Speaker of the Sejm, the lower house of the Polish parliament

The marshal of the Sejm (Marszałek Sejmu, /pol/) is the speaker of the Sejm, the lower house of the Polish Parliament. The office traces its origins to the 15th century. In modern Poland, the full title is Marshal of the Sejm of the Republic of Poland (Marszałek Sejmu Rzeczypospolitej Polskiej). Marszałek, in this case, is Polish native name for parliamentary Speaker.

==Related historical offices==
The Polish–Lithuanian Commonwealth also had an office of Sejmik Marshal.

In the Kingdom of Galicia and Lodomeria, from 1861, the chairman of the Provincial Sejm of Galicia with its seat at Lwów bore the title Marszałek krajowy (Province Marshal). The Kingdom of Poland, from 1916 to 1918, used the title Marszałek Rady Stanu (Marshal of the State Council).

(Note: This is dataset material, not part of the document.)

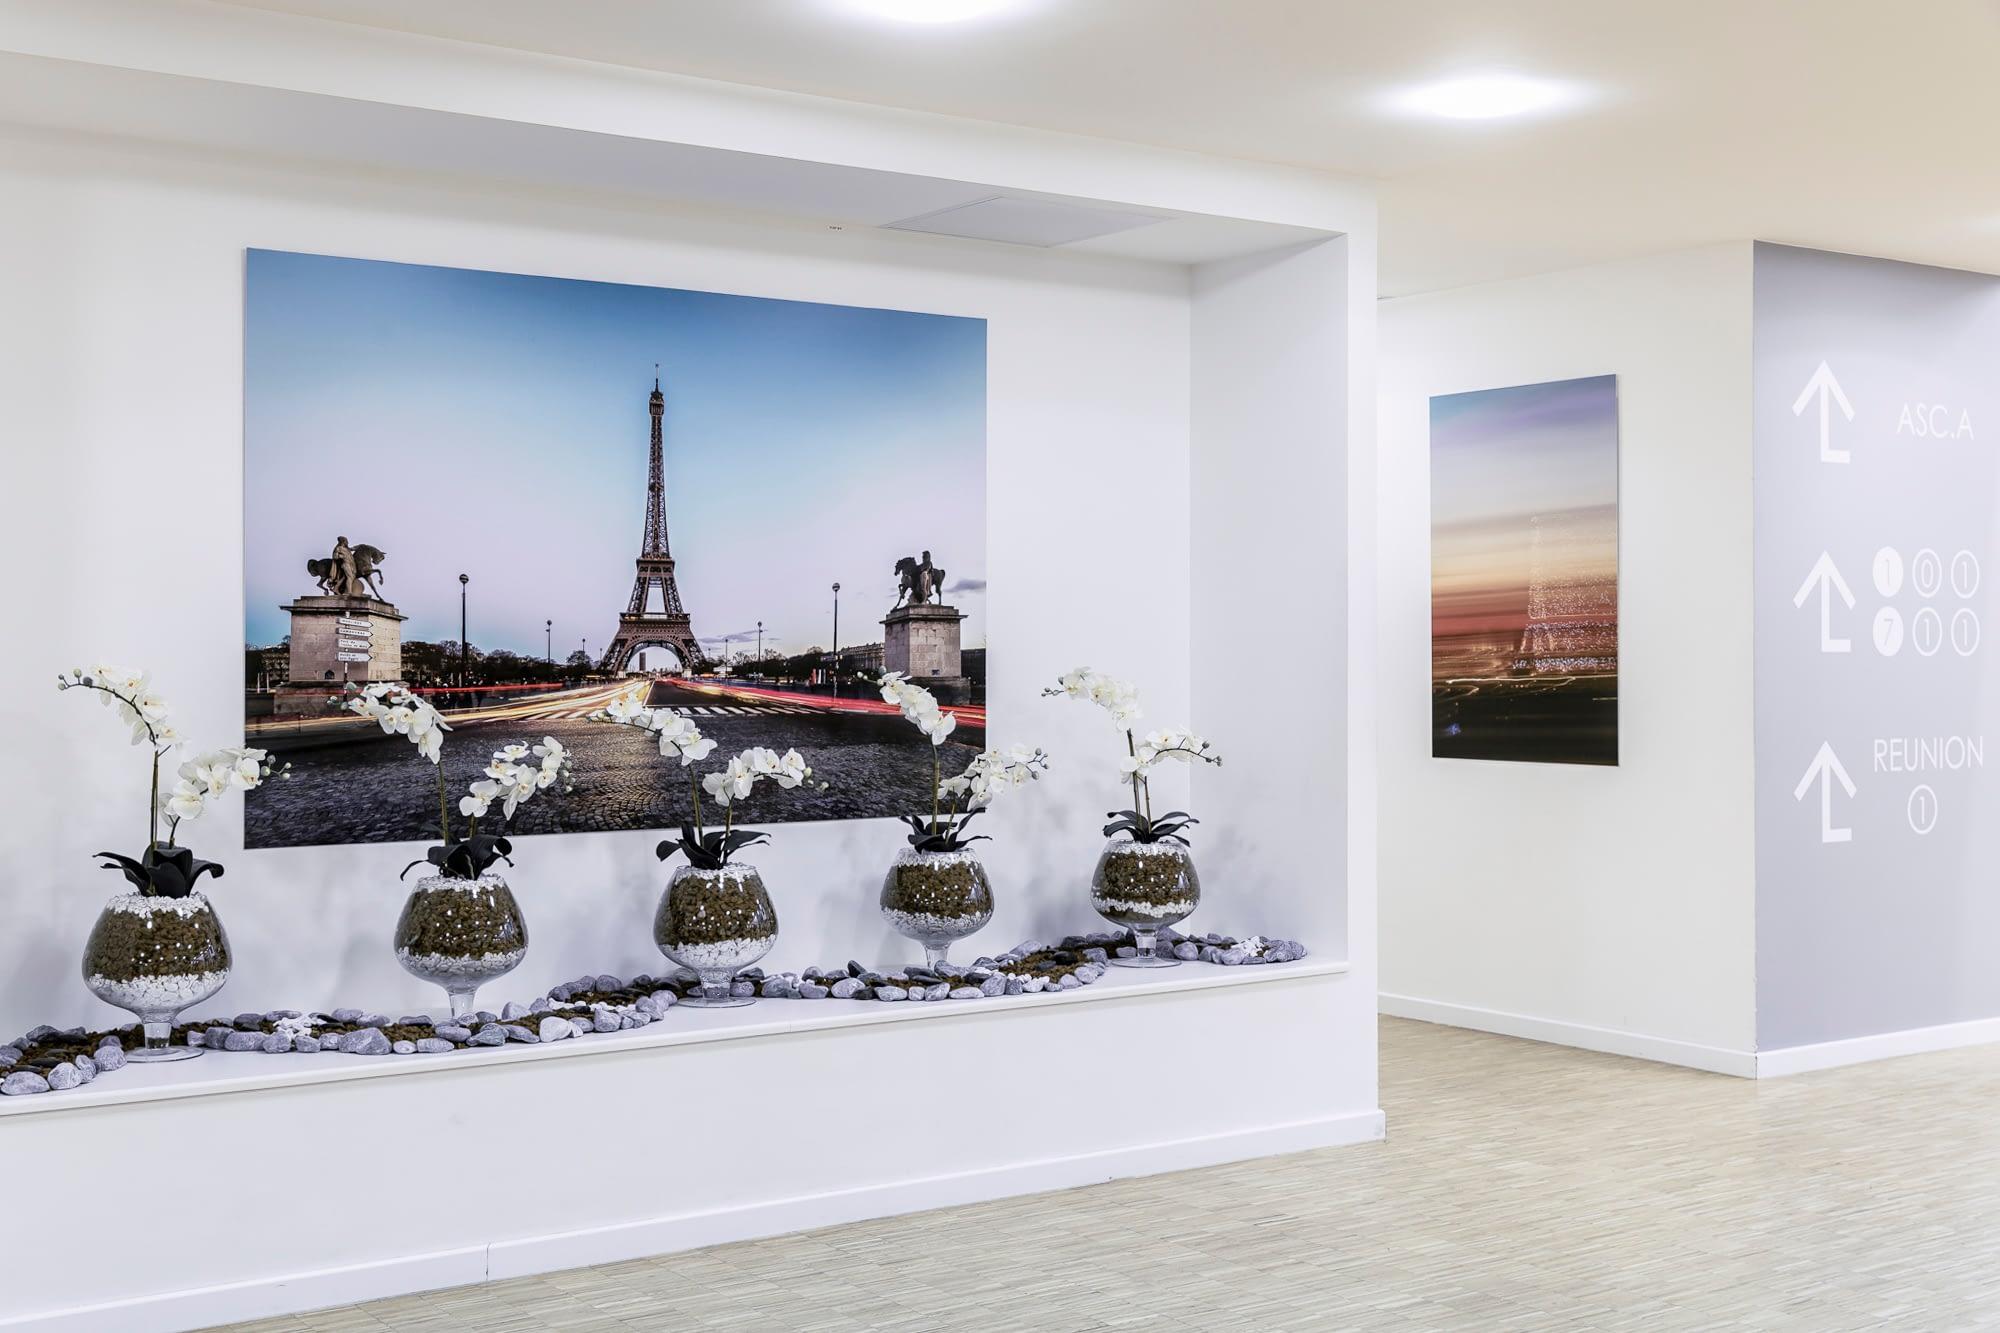 Vente et installation de photographies d'art Pixopolitan pour la résidence hôtelière Saint Ouen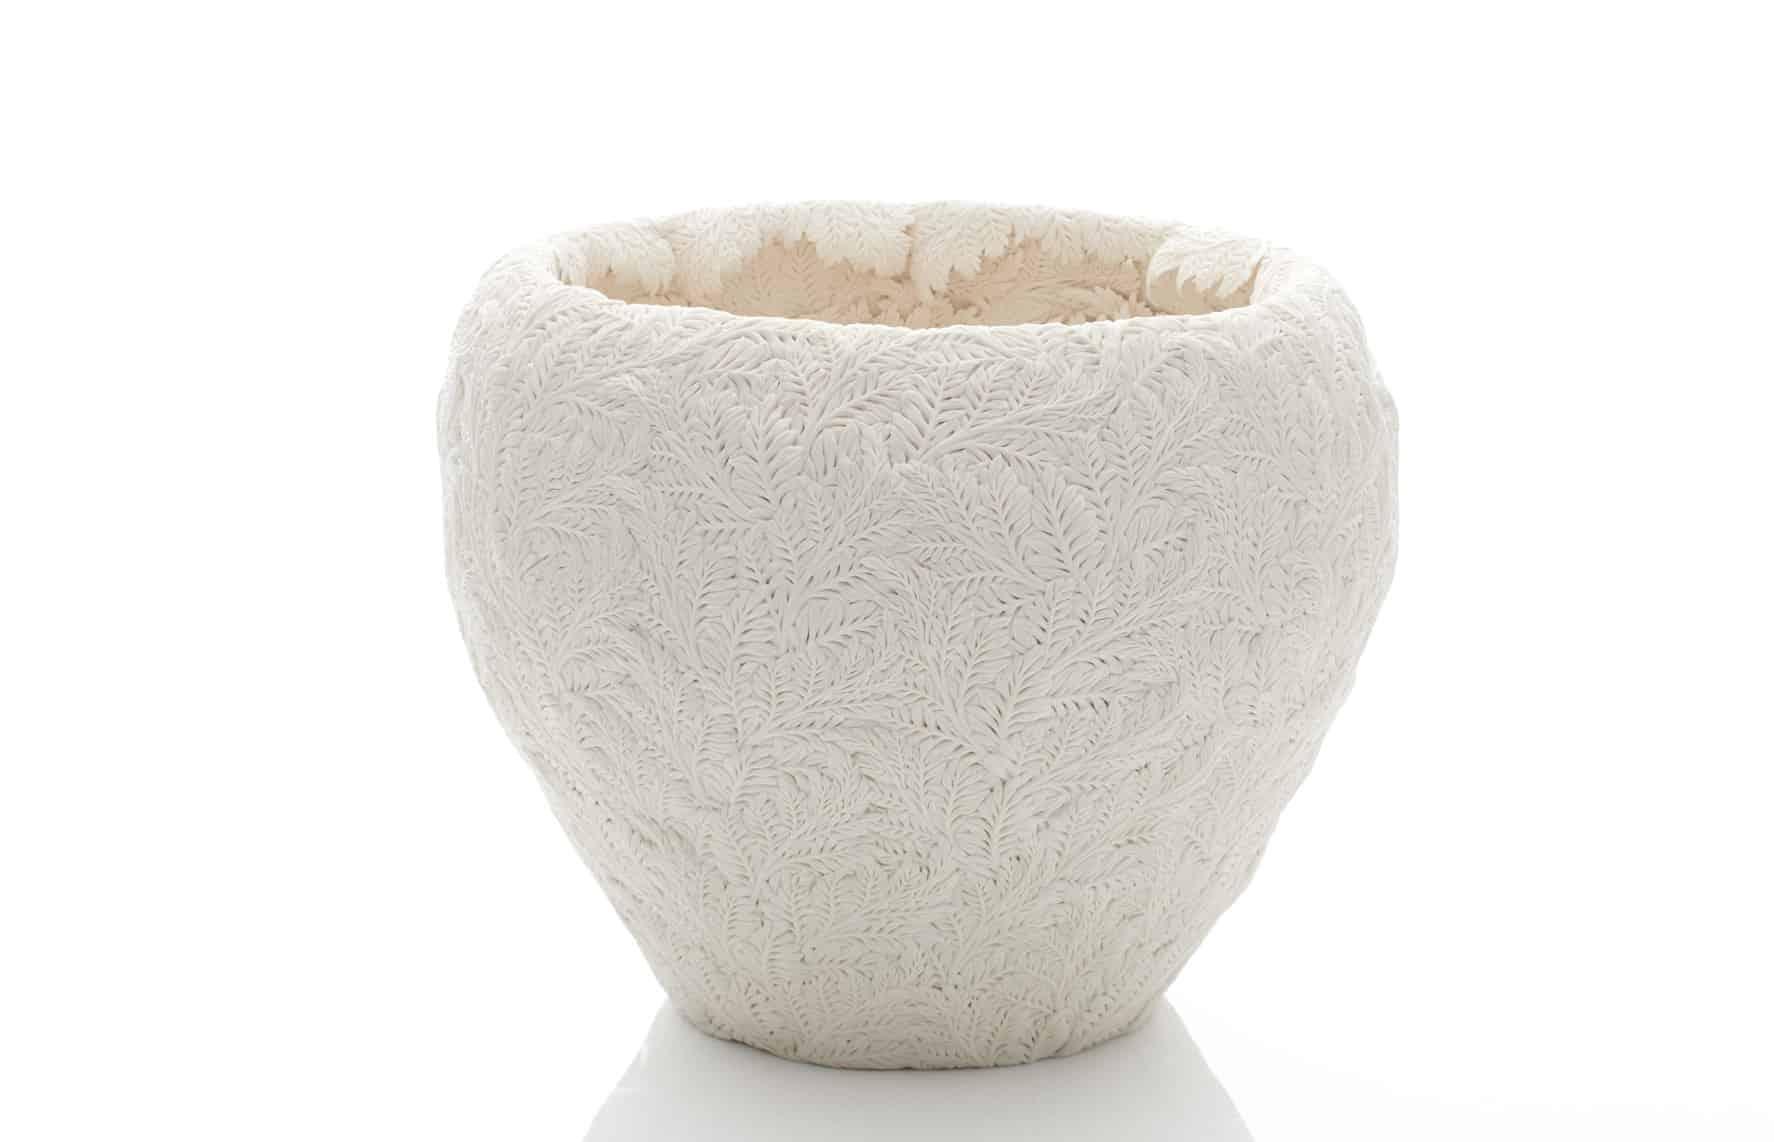 Ceramic sculpture by Hitomi Hosono

In the Second Polish Republic (1918–1939), the deputies elected one of their number as Marshal of the Sejm for the duration of the Sejm's term. Until 1935 (when superseded by the Senate Marshal), the Marshal or Chairman of the Sejm substituted for the President of Poland in the latter's absence or disability (Acting President of the Republic of Poland). Nowadays, it is again the Marshal of the Sejm who becomes the Acting President.

==Modern Marshals of the Sejm==
Today the Marshal of the Sejm is the chairman of the Presidium of the Sejm (Prezydium Sejmu) and the Convention of Seniors (Konwent Seniorów). The Marshal oversees the work of the Sejm, supervises procedural sessions of the Sejm, and convenes and chairs the proceedings of the Convention of Seniors and the Presidium of the Sejm. The Marshal appoints the Chief of the Chambers (of the Sejm, and of the Senat), and, since 1989, substitutes for the President of Poland in the event of that office's vacancy.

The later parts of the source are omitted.